## [Given records]
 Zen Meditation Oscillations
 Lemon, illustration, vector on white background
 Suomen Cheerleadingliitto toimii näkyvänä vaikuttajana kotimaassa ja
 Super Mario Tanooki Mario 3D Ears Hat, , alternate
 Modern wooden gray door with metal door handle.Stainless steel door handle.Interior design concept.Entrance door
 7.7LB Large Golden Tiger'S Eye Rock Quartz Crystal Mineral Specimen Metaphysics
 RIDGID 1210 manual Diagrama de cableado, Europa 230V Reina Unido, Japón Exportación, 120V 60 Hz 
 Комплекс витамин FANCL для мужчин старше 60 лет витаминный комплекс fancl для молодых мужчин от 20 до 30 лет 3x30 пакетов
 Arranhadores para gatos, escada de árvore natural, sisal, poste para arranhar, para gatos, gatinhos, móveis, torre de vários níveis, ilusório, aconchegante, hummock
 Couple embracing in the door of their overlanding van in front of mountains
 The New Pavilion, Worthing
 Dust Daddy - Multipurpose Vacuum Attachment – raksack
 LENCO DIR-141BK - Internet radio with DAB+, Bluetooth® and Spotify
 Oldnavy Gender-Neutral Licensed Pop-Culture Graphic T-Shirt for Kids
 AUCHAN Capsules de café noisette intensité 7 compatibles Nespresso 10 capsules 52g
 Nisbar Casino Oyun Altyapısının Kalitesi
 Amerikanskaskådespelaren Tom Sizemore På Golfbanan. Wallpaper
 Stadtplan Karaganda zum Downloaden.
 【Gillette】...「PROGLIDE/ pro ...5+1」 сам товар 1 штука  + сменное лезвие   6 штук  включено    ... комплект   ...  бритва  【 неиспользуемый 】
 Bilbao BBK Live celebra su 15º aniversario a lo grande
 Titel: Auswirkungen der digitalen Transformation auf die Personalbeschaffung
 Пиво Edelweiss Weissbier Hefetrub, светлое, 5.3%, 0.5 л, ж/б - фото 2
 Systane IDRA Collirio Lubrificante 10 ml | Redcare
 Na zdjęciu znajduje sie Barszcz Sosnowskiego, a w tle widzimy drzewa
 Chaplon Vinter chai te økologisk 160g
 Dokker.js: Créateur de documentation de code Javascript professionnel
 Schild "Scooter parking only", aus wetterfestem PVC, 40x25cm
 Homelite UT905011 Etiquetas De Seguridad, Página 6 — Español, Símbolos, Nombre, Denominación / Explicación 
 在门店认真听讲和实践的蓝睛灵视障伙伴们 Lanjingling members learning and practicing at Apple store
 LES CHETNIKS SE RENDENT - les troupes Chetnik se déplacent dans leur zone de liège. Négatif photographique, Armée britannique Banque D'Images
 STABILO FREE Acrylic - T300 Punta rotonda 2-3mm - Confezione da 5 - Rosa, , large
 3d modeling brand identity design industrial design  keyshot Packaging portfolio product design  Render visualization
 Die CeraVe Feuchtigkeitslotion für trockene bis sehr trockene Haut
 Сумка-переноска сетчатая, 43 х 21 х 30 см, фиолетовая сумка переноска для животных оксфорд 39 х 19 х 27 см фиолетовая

## [To do]
Look back at the entries above and repeat, unchanged, every line from the line holding "Na zdjęciu znajduje" through the line holding "在门店认真听讲和实践的蓝睛灵视障伙伴们 Lanjingling members".

## [Answer to this problem]
 Na zdjęciu znajduje sie Barszcz Sosnowskiego, a w tle widzimy drzewa
 Chaplon Vinter chai te økologisk 160g
 Dokker.js: Créateur de documentation de code Javascript professionnel
 Schild "Scooter parking only", aus wetterfestem PVC, 40x25cm
 Homelite UT905011 Etiquetas De Seguridad, Página 6 — Español, Símbolos, Nombre, Denominación / Explicación 
 在门店认真听讲和实践的蓝睛灵视障伙伴们 Lanjingling members learning and practicing at Apple store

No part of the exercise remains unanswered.